European stocks eased in the early minutes of trading as concerns on the US economy overshadowed hopes of improvement in the eurozone after Greek bond buyback plans and aid for Spanish lenders.
Europe's FTSEurofirst 300 eased 0.1 to 1120.15 points while Britain's FTSE 100 slipped 0.2 percent. Italy's FTSE MIB and France's CAC-40 remained little changed while Germany's DAX was down 0.1 percent. Spain's IBEX fell 0.2 percent.
Asian markets ended mixed earlier, amid concerns of the looming 'fiscal cliff' and signs of growth in China.
Japan's Nikkei ended 0.27 percent lower to 9,432.46 while South Korea's KOSPI dropped 0.25 percent to 1935.18. China's Shanghai Composite Index gained 0.78 percent to 1975.14 while Hong Kong's Hang Seng was up 0.15 percent to 21801.25.
The negotiations on the proposed spending cuts and tax hikes in the US continued to weigh on investor sentiments. The deadlock among lawmakers continued after the White House dismissed a Republican proposal, claiming that it did not offer anything new.
Data from the US Institute of Supply Management (ISM) showed that manufacturing activity in the world's largest economy contracted in the month of November. The index dropped to 49.5 in November, down from economist expectations. The Wall Street had ended the previous session lower following the release.
The weak US data weighed the Dollar down against the Yen, pushing exporter stocks lower.

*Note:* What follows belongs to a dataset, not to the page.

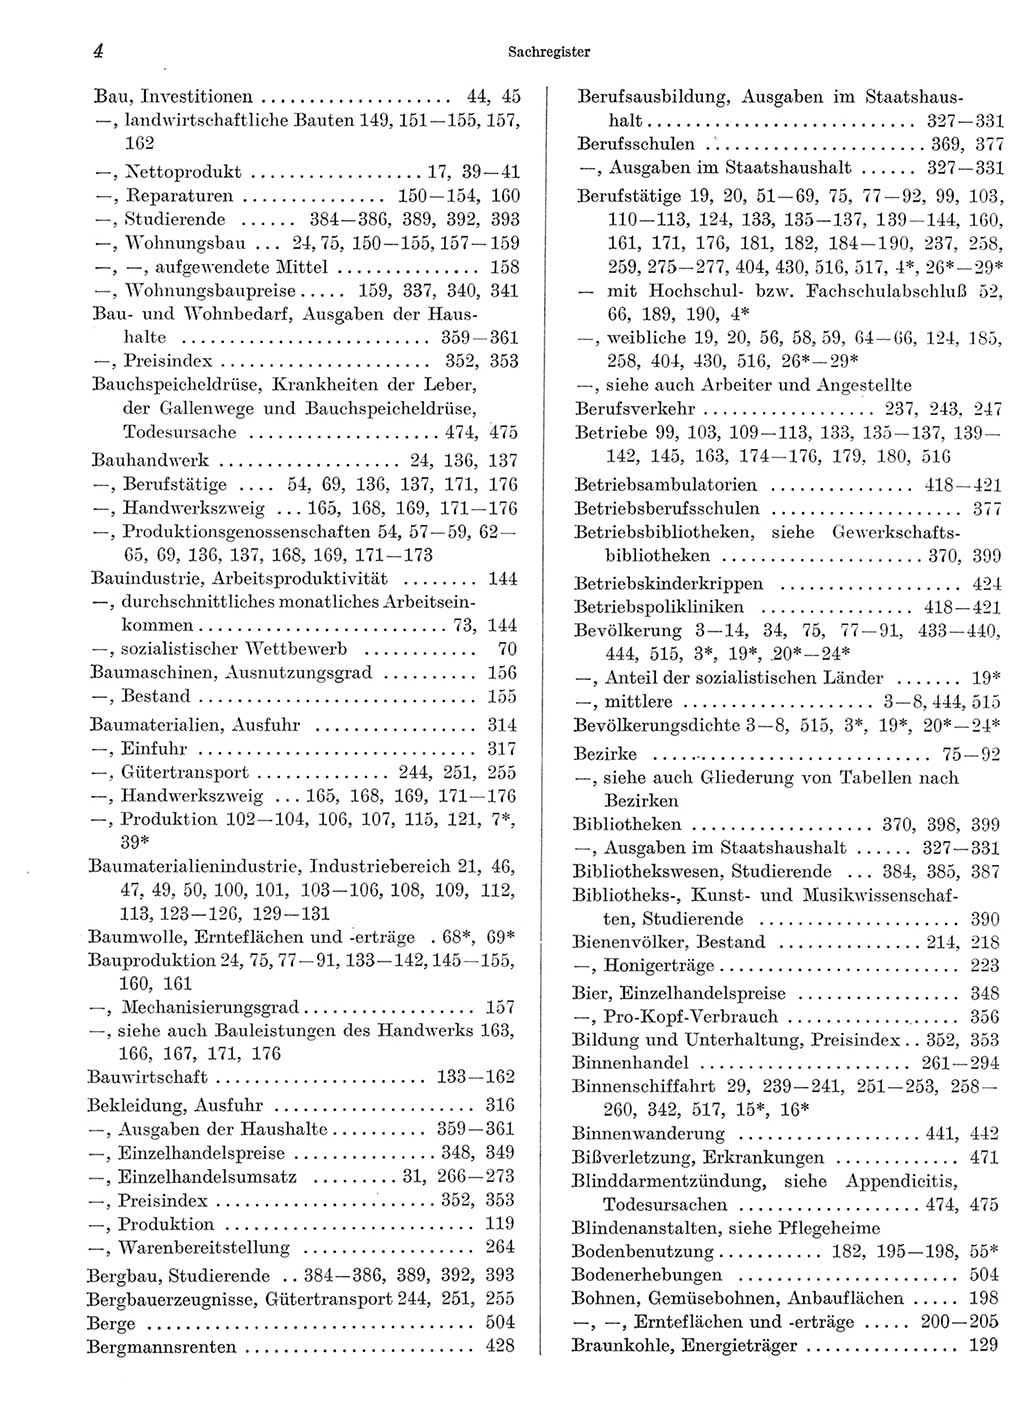 Statistisches Jahrbuch der Deutschen Demokratischen Republik (DDR) 1969, Seite 4 (Stat. Jb. DDR 1969, S. 4)

The European markets had turned cautious on the US economy yesterday after Greece announced a massive offer to reduce almost half of its debt to its lenders. Athens plans to spend up to €10 bn in a bond buyback scheme as part of its efforts to reform the country's embattled economy. Sentiments were boosted further after eurozone finance ministers approved €39.5bn in monetary aid to Spanish banks.
Meanwhile, the Reserve Bank of Australia (RBA) slashed its interest rates to the lowest point since the global financial crisis as a slump in the mining sector threatened to affect the economy. The country has been affected by uncertainties in US and Europe, and the slowdown in its biggest export market, China.
Major Movers in Asia
Currency-sensitive stocks dropped in Tokyo after the Dollar weakened against the Yen. Shares of Nissan fell 3.72 while those of Nikon and Hitachi were down 3.08 and 1.89 percent.
Shares of Sharp were up 1.16 percent following reports of the firm's plans to join Qualcomm to manufacture an energy-efficient smartphone LCD panel.
Exporters dropped in Seoul as well. Automobile major Hyundai dropped 0.22 percent while Kia was down 0.48 percent. LG Electronics ended 1.81 percent lower.
Chinese automobile stocks ended higher. Guangzhou Automobile Group was up 7.78 percent while Shenyang Jinbei Automotive Company gained 10.03 percent.